Да и как могло быть иначе? В тот момент мы были похожи на инкубаторских цыплят вылупившихся одновременно.
Несколько старослужащих матросов Экипажа подгоняли нас,  поторапливали. Перед дверями в очередное помещение, нам бросали на руки вафельное полотенце. Мы наскоро вытирались и, слегка подталкивая нас в спину, матросы выпроваживали нас в соседний зал.

Справа вдоль стены длинный ряд столов. За первыми и последними столами сидят мужчины-офицеры, а в центре ряда несколько столов, где расположились женщины в белых халатах и в возрасте не старше наших матерей – врачи.

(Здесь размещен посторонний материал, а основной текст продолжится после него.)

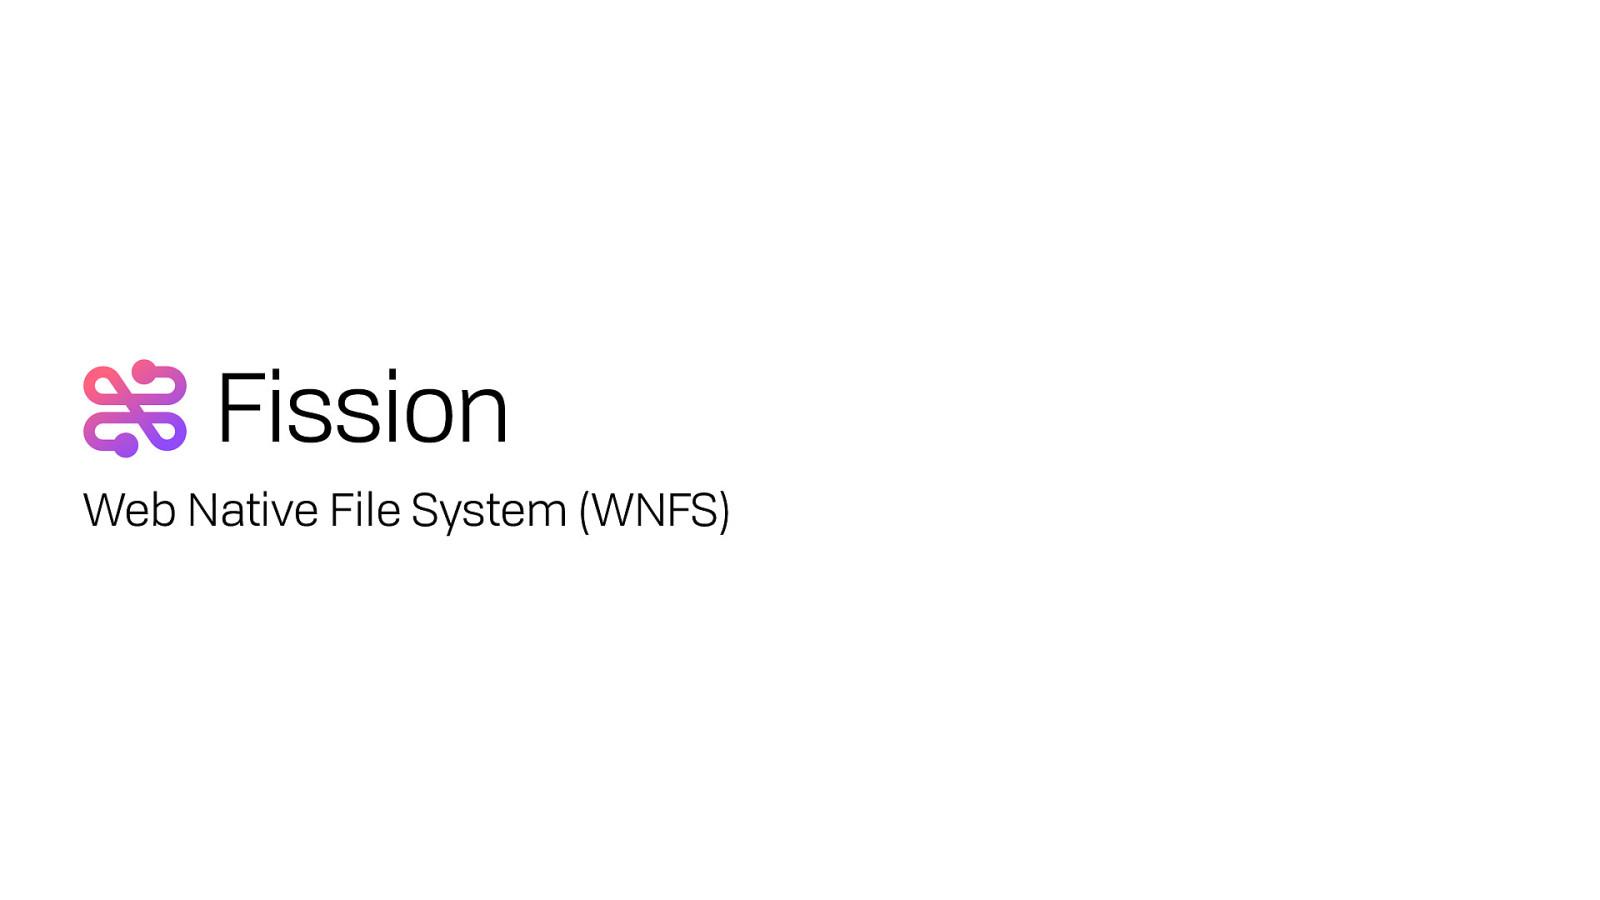 WebNative File System

И ты перед этой шеренгой – «в чём мать родила!»
Ладони непроизвольно тянутся к паху, прикрывая своё половое отличие, которое начинает постепенно съёживаться и втягивается куда-то внутрь.
За первым столом офицер сверяет  данные, заполняет личную карточку и вручает её со словами:
- Теперь к врачам, - и командует кому-то за твоей спиной:
- Следующий!
Как обречённый пусть и не на казнь, а только на мучения, бредёшь к следующему столу, страстно желая, чтобы столетний бетонный пол Экипажа под твоими ногами разверзся.
Следует процедура взвешивания и замера роста, во время которой ты чувствуешь, что от твоей физиономии уже можно спокойно прикуривать.
Но ещё не знаешь, что это «цветочки» по сравнению с тем, что ждёт тебя через пару минут.

Вот и следующий стол. Три врачихи  лет сорока с небольшим. Та, что в центре, указывает пальцем на твои ладошки, прикрывающие «драгоценность», командует:
- Руки убрать! По швам руки держи, тоже мне, прячет он что-то. Было бы что прятать!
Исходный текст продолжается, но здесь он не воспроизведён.